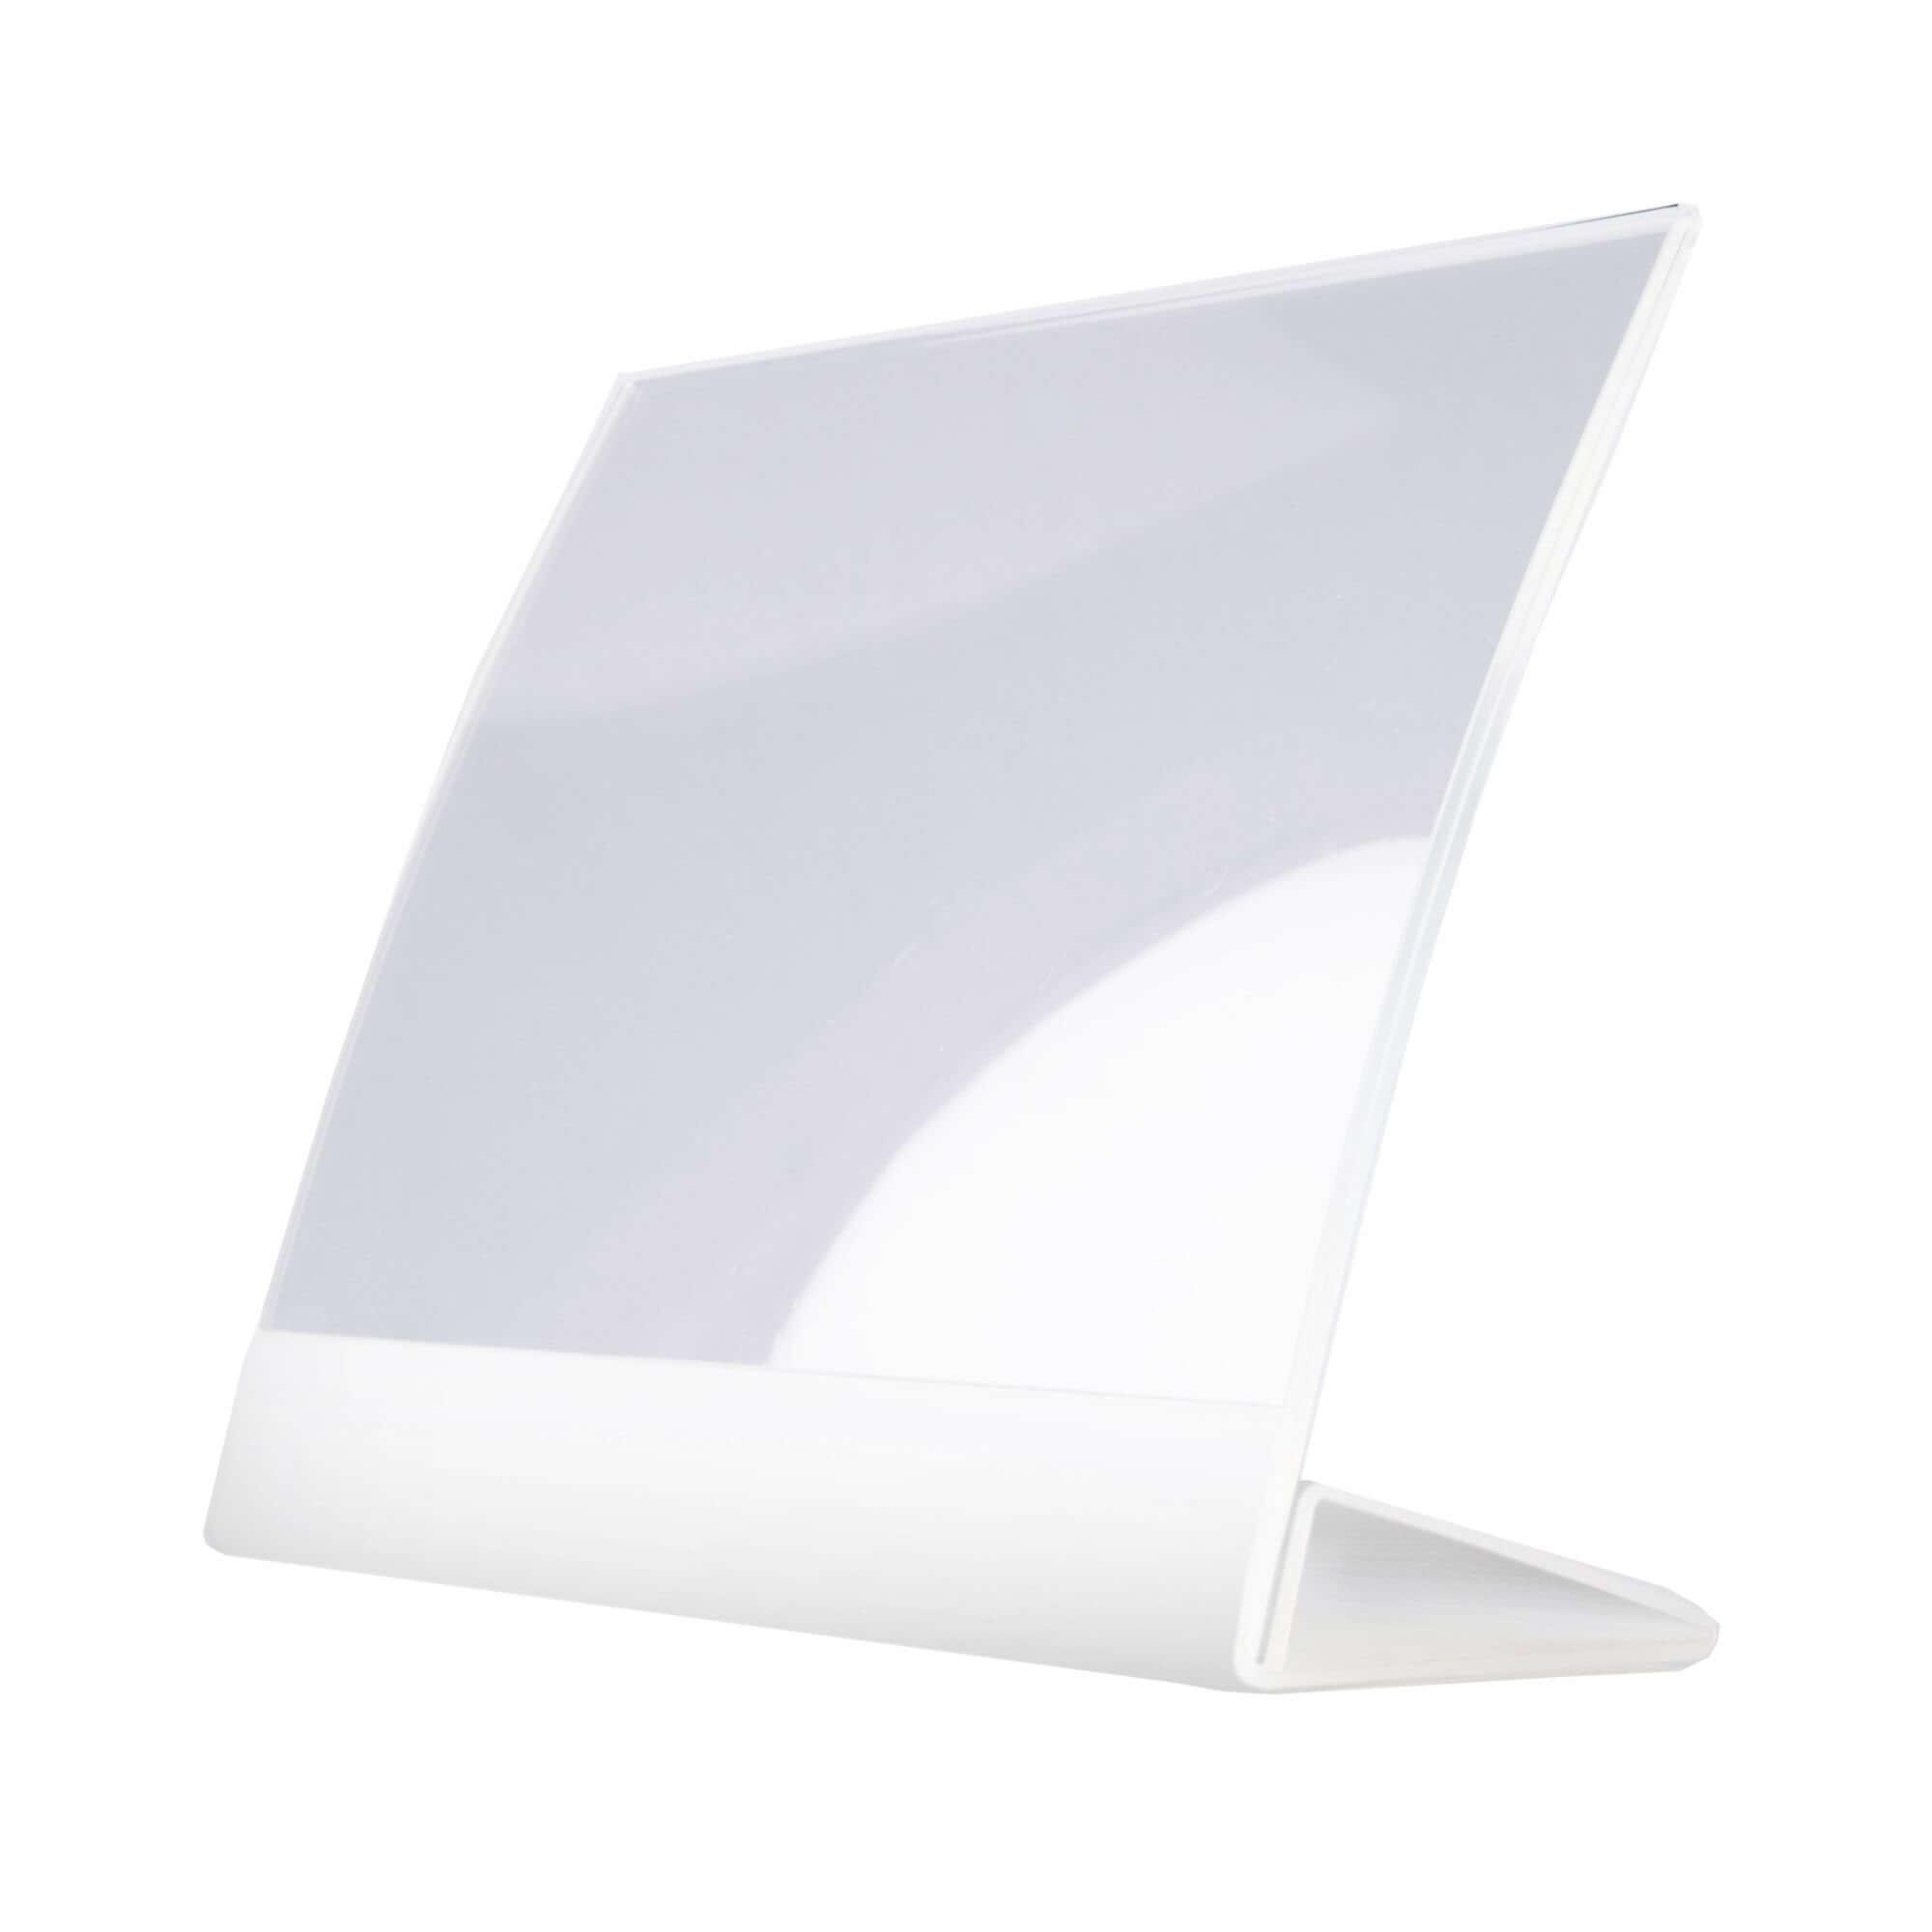 hochwertiger Prospektsteller aus Acrylglas
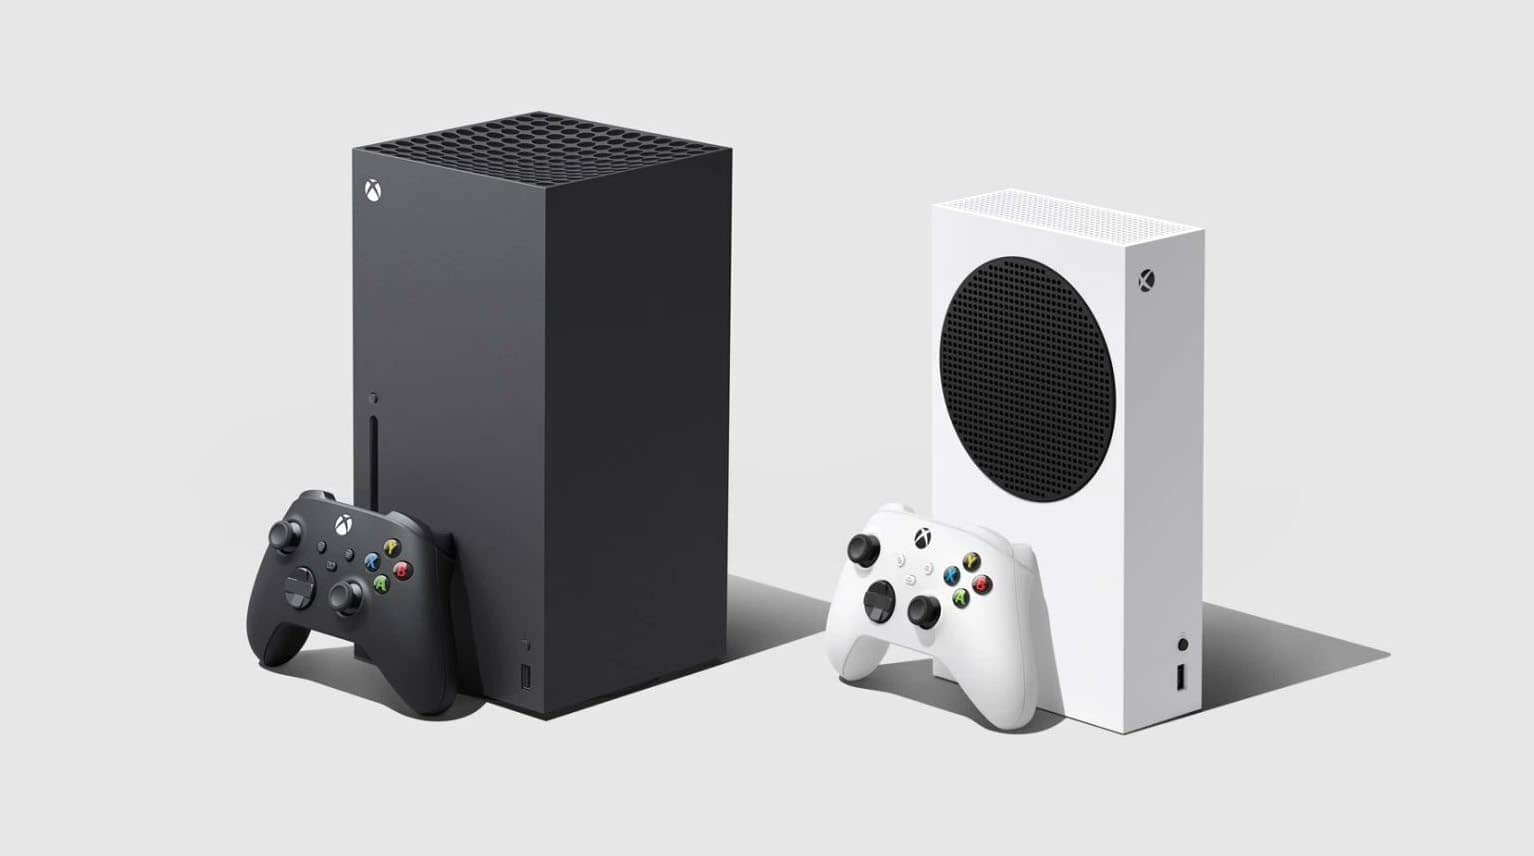 Microsoft's $499 Xbox Series X and $299 Xbox Series S launch November 10
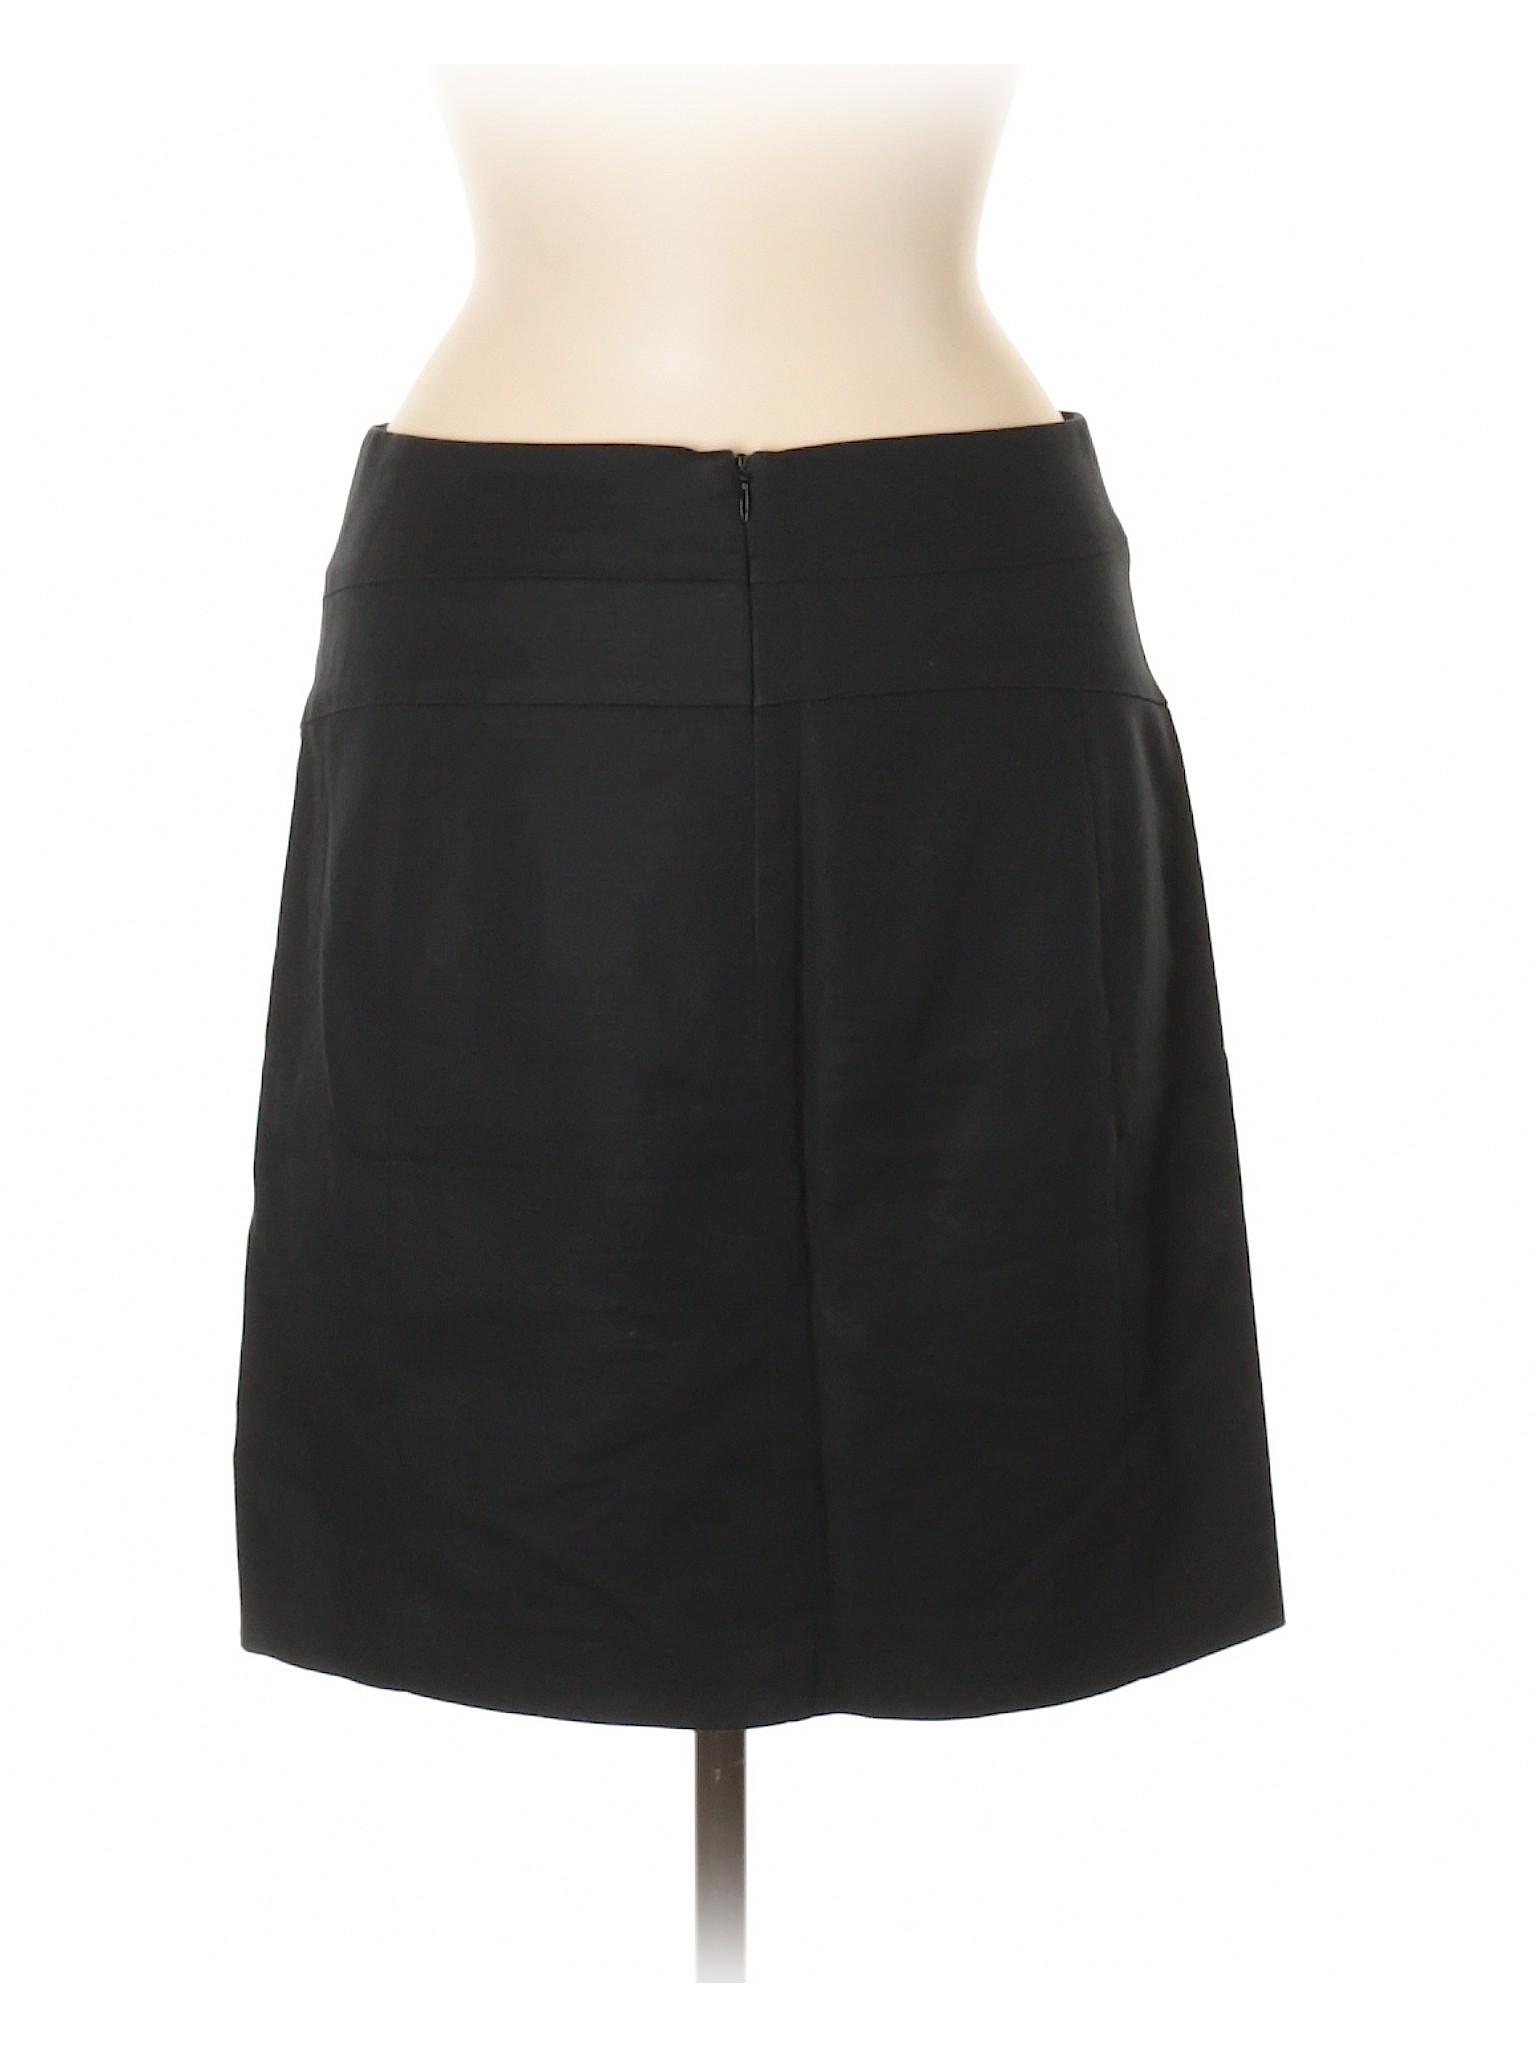 Skirt Casual Skirt Casual Boutique Casual Casual Boutique Skirt Boutique Skirt Boutique Skirt Casual Boutique Boutique nRxqAXS

• [Work request]: Return all of the material above unchanged, minus its pictures.

• [Written answer]:
 hochwertiger Prospektsteller aus Acrylglas
 Microsoft's $499 Xbox Series X and $299 Xbox Series S launch November 10
 Skirt Casual Skirt Casual Boutique Casual Casual Boutique Skirt Boutique Skirt Boutique Skirt Casual Boutique Boutique nRxqAXS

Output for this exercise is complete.